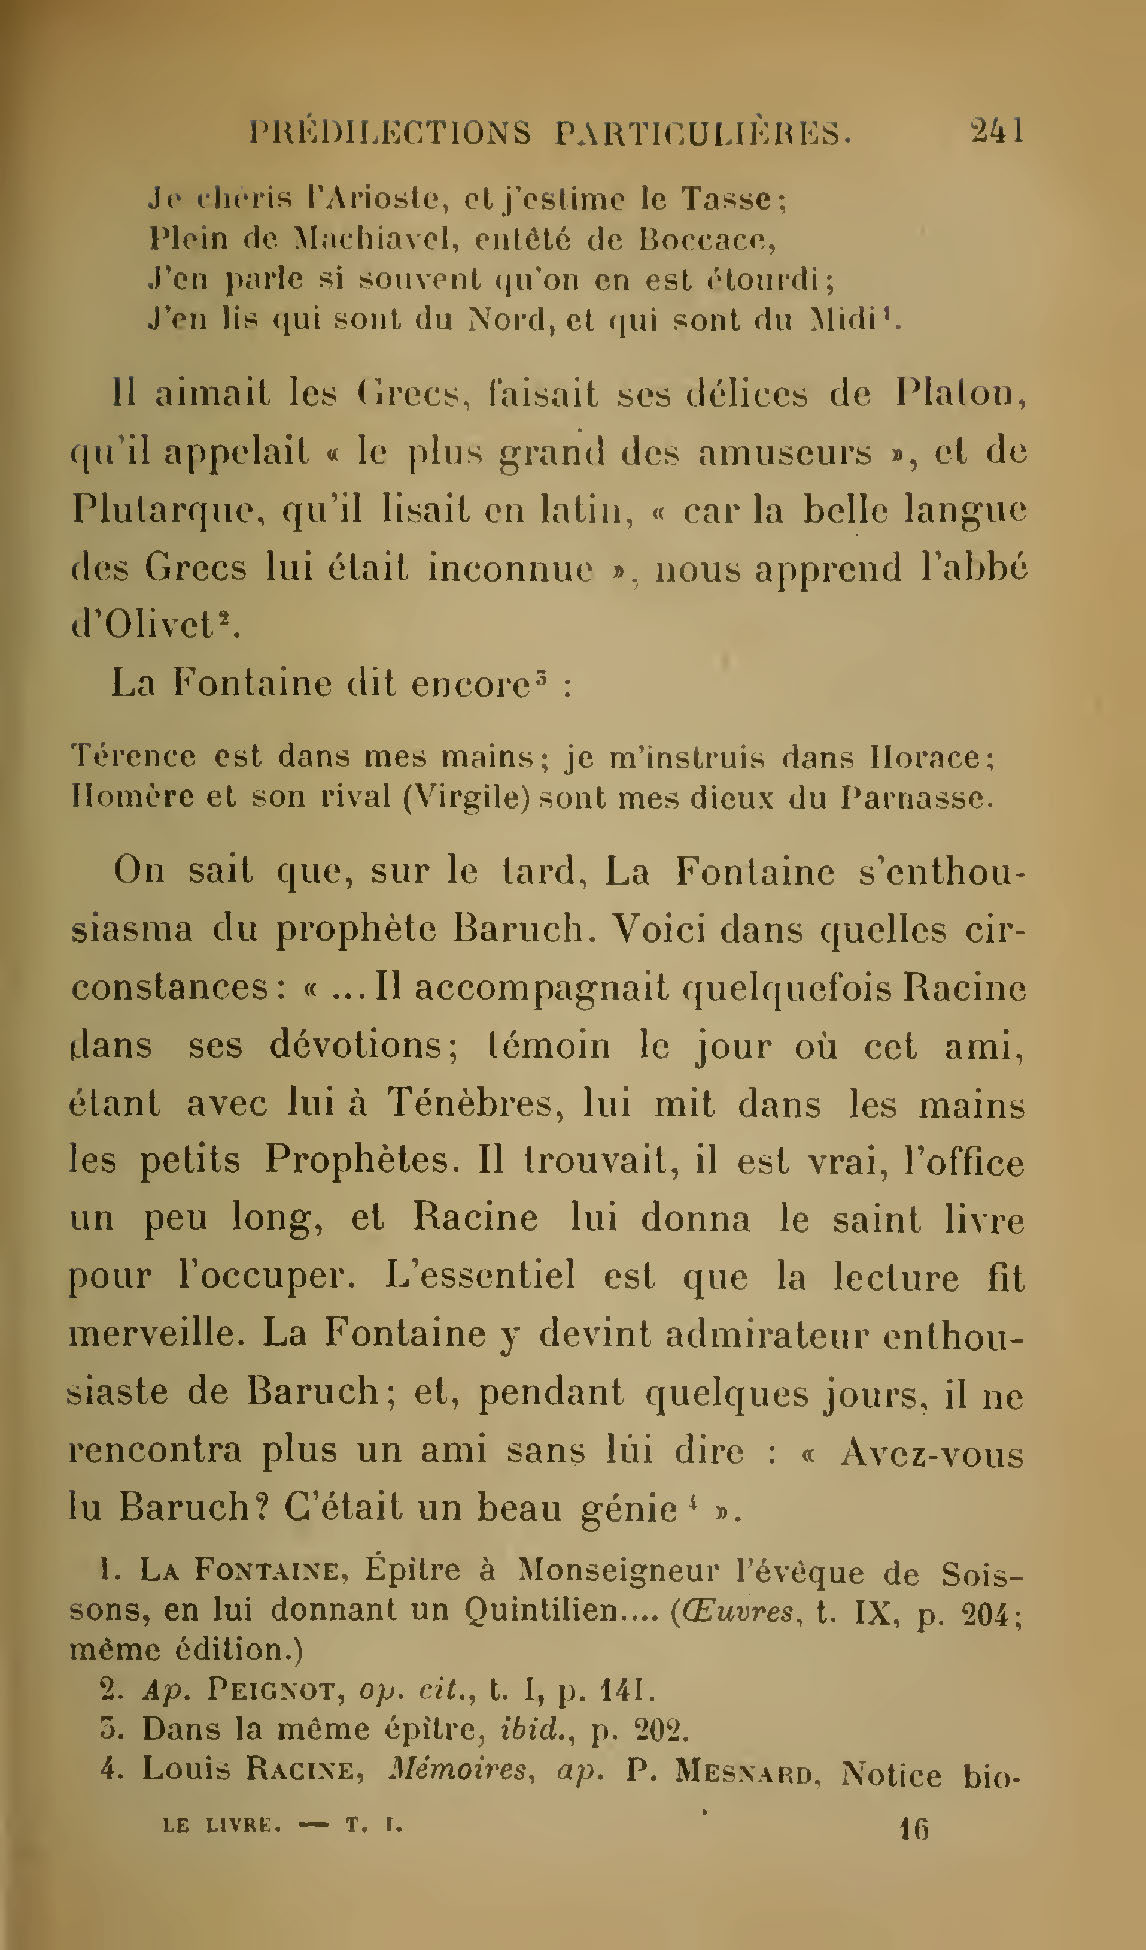 Albert Cim, Le Livre, t. I, p. 241.
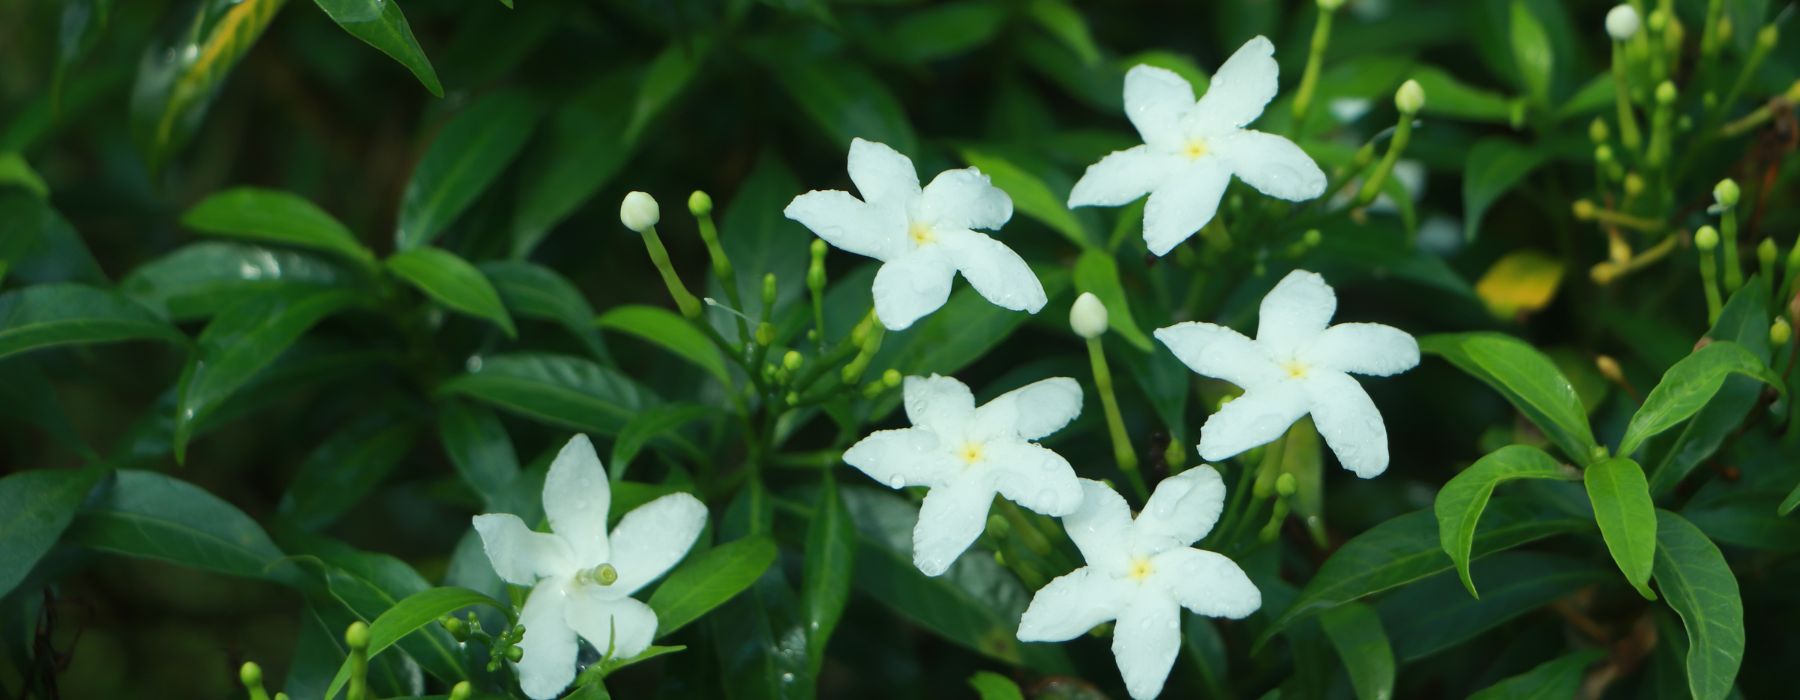 photo of white Jasmine flowers growing on plant
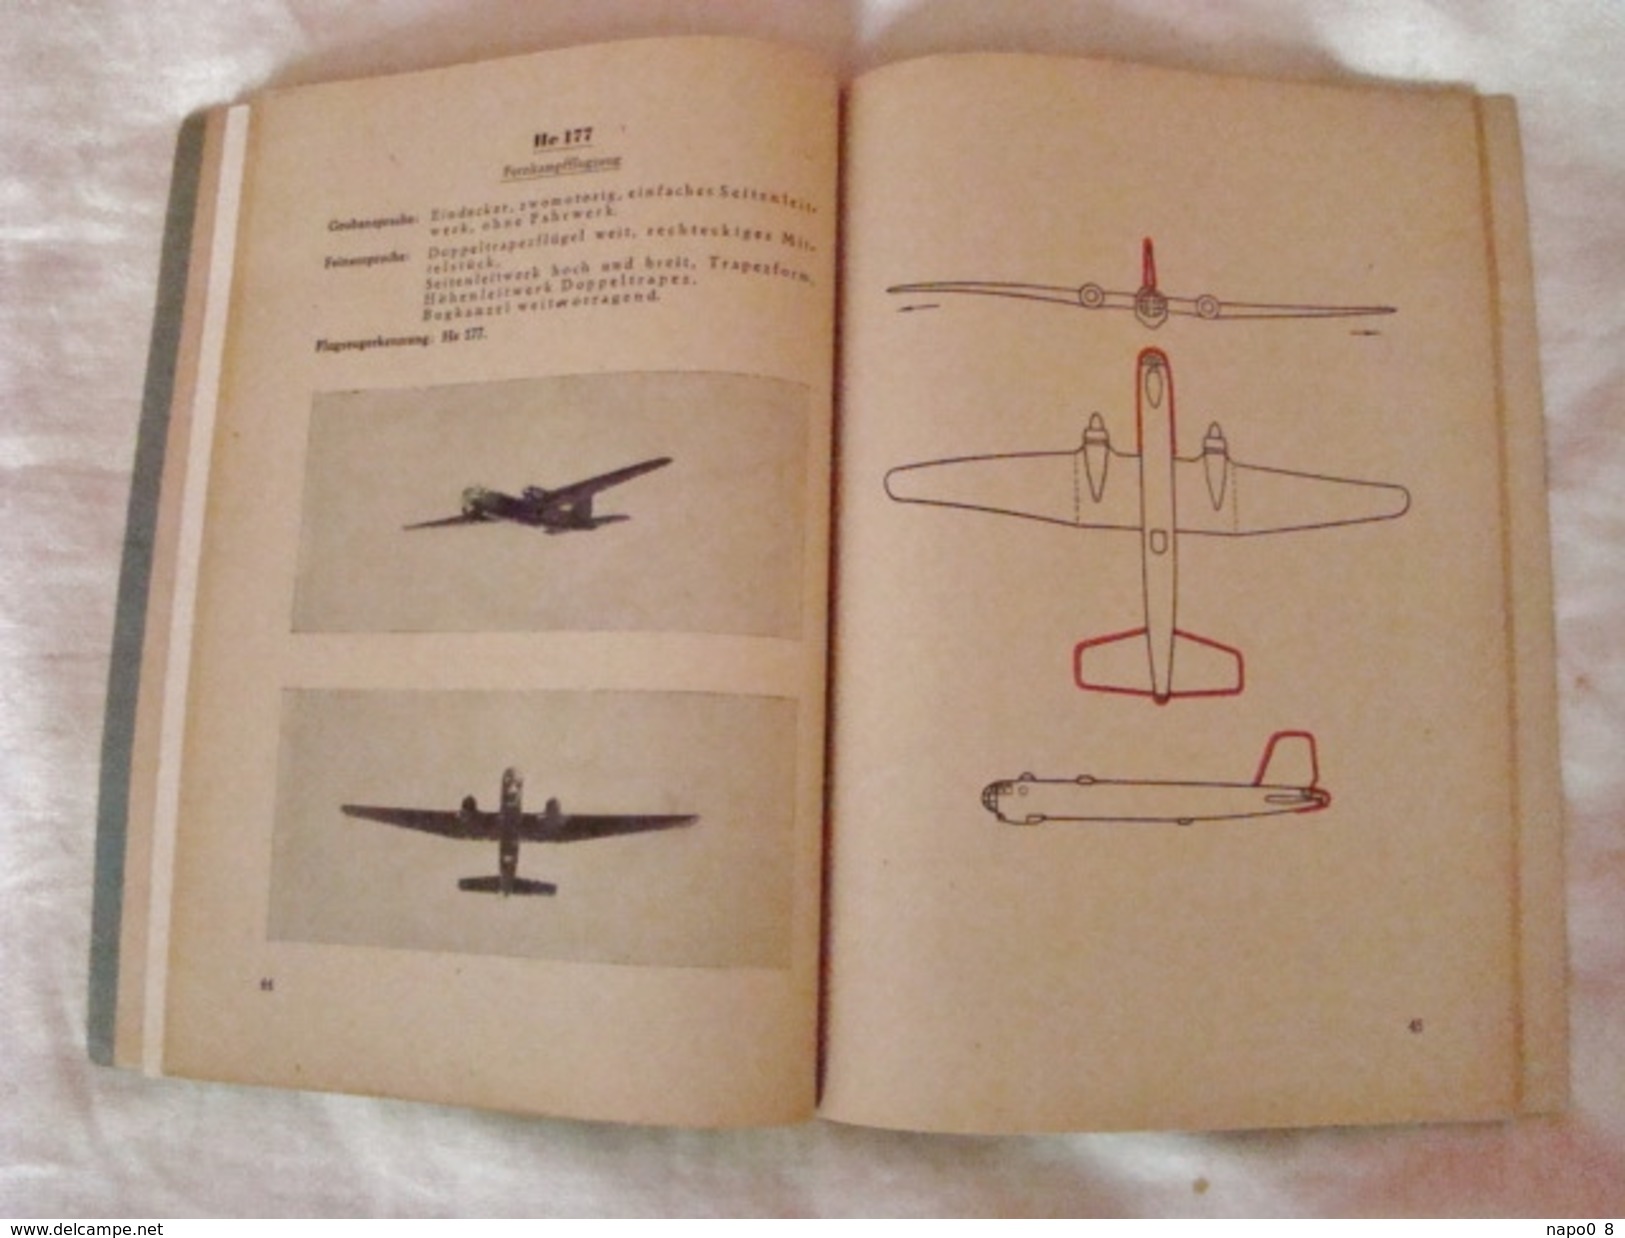 Luftfahrtkunde fascicule N°2 (1944)
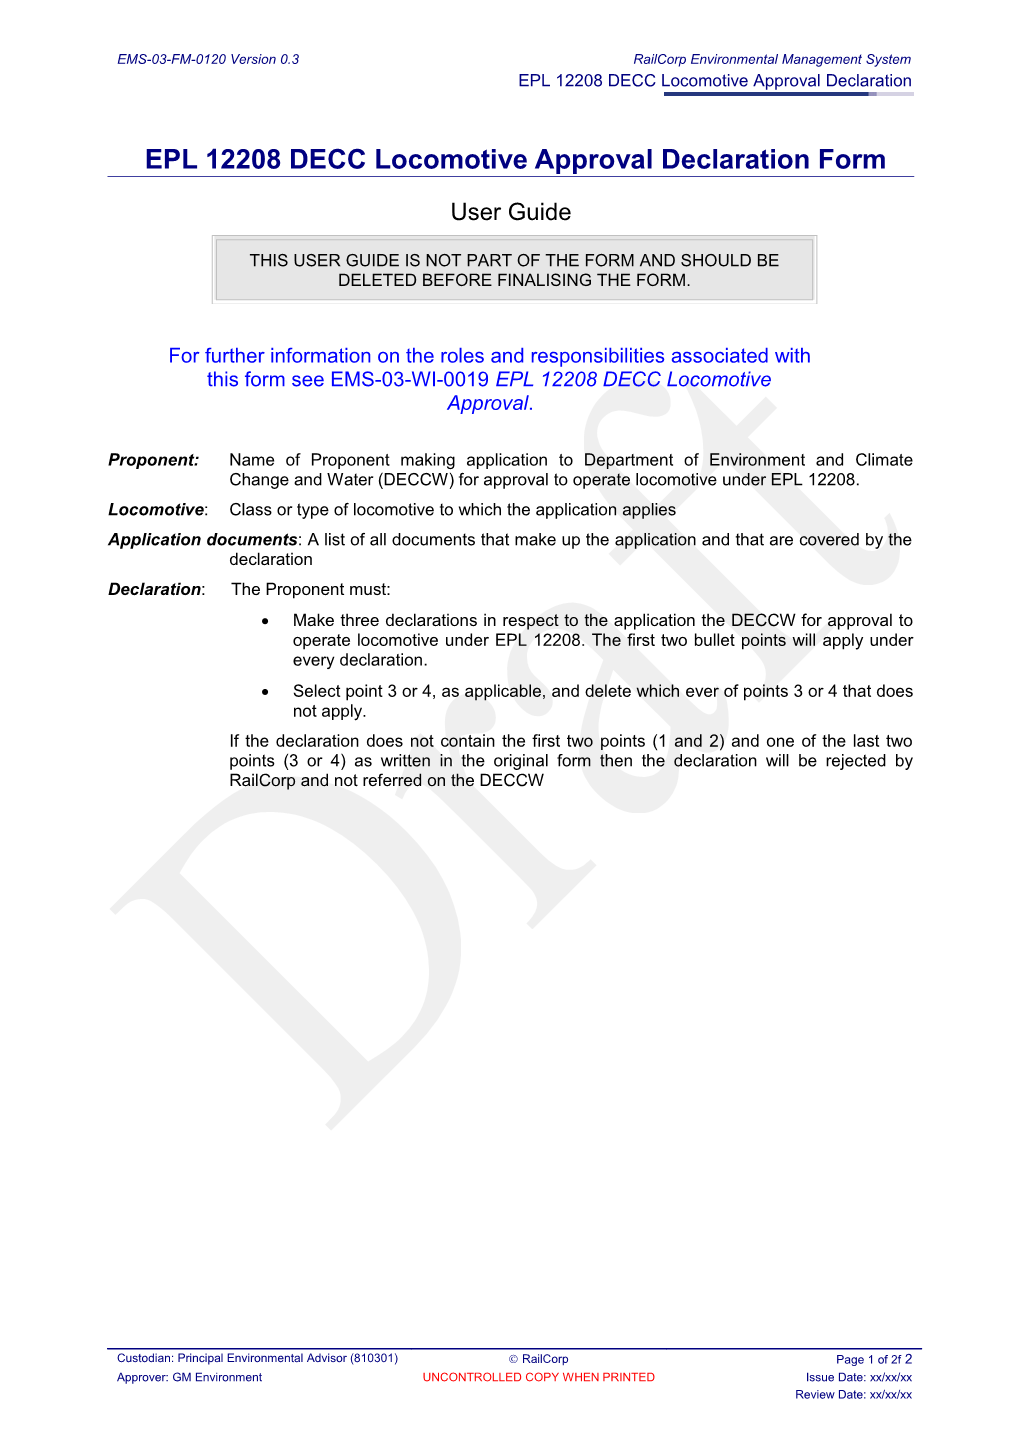 DECC Locomotive Approval Declaration Form

....

* **What is required**: The full listing must come back exactly as written, with its pictures left out.

* **Problem solution**:
 Albert Cim, Le Livre, t. I, p. 241.
 photo of white Jasmine flowers growing on plant
 Luftfahrtkunde fascicule N°2 (1944)
 DECC Locomotive Approval Declaration Form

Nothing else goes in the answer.